A bombshell report by Just the News explains that “U.S. officials were acutely aware that Beijing was trying to obtain America’s premiere nuclear reactor technology, including through illicit hacking, months before Hunter Biden and his business partners sought to arrange a quiet sale of an iconic U.S. reactor company to a Chinese firm, according to court records and national security experts.”

Hunter Biden attempted to assist CEFC China Energy to acquire Westinghouse, one of America’s most famous electricity and appliance brands, as well as its state-the-art AP1000 nuclear reactor.

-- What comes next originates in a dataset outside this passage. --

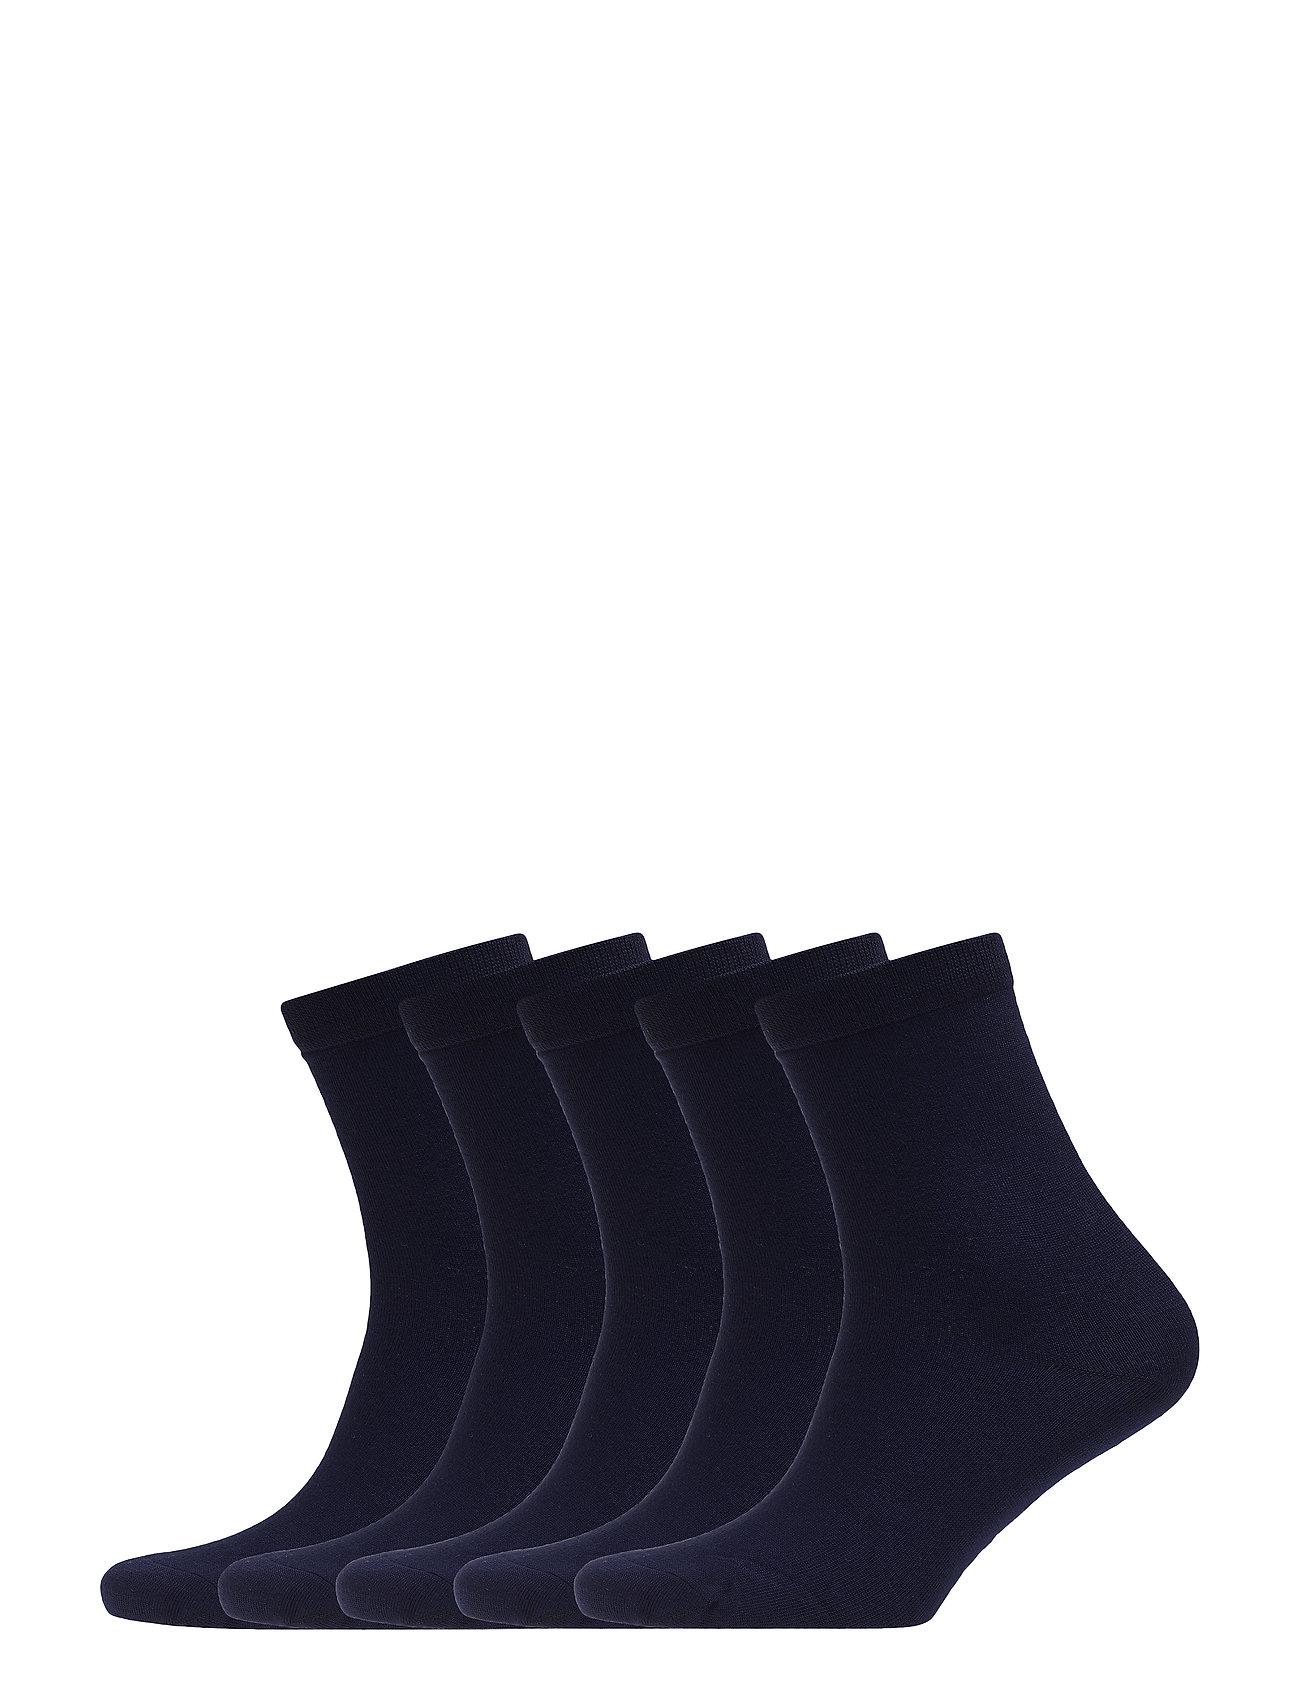 Frank Dandy 5P Bamboo Solid Crew Sock - DARK NAVY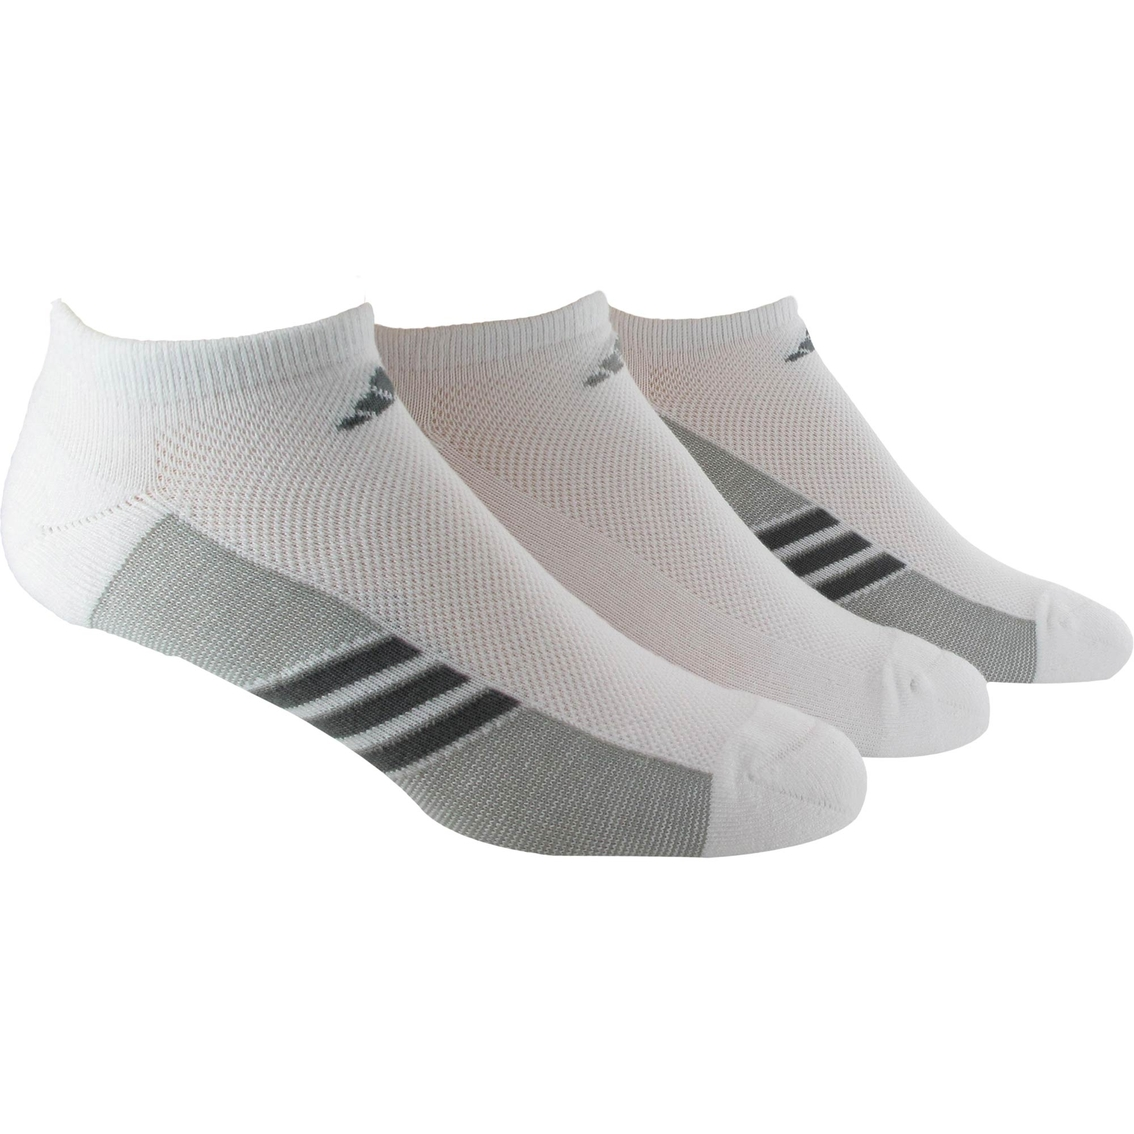 d69bd52fd91ca Adidas Men's Climacool Superlite No Show Socks 3 Pk. | Socks ...

Hunter began his work with the Chinese company in early 2016 – while Joe Biden was the sitting Vice President – memos show. According to a copy of the indictment, just 20 months earlier, his father’s Justice Department charged five members of a Chinese military hacking unit for breaching the company’s computer systems in search of intellectual property and internal strategy communications.

Just the News reports:

In May 2014, the five operatives of the People’s Liberation Army’s Unit 61398 were charged with hacking into the systems of six U.S.-based companies across different industrial sectors, including Westinghouse Electric Co., SolarWorld, United States Steel Corp., and a union. The attorney general at the time, Eric Holder, called the breach a classic case of “economic espionage.”

One operative gained access to Westinghouse’s computers in 2010 and “stole proprietary and confidential technical and design specifications related to pipes, pipe supports, and pipe routing” pertaining to the company’s advanced AP1000 nuclear reactor design, according to an indictment filed by the Department of Justice.

“Among other things, such specifications would enable a competitor to build a plant similar to the AP1000 without incurring significant research and development costs associated with designing similar pipes, pipe supports, and pipe routing systems,” the indictment reads.

Just the News notes that while there is no evidence at the moment that Hunter Biden was aware of or involved in the hacking efforts by the Chinese, documents previously released by Congress in the Biden impeachment inquiry show Hunter Biden wrote in one text message in 2017 that he believed one of the CEFC officials he worked with, Patrick Ho, was the “f—ing spy chief” of China.

Ho was later indicted in the U.S. and charged with corruption. Joe Biden’s brother James told the FBI he believed CEFC Chairman Ye Jianming had a relationship with China’s communist president.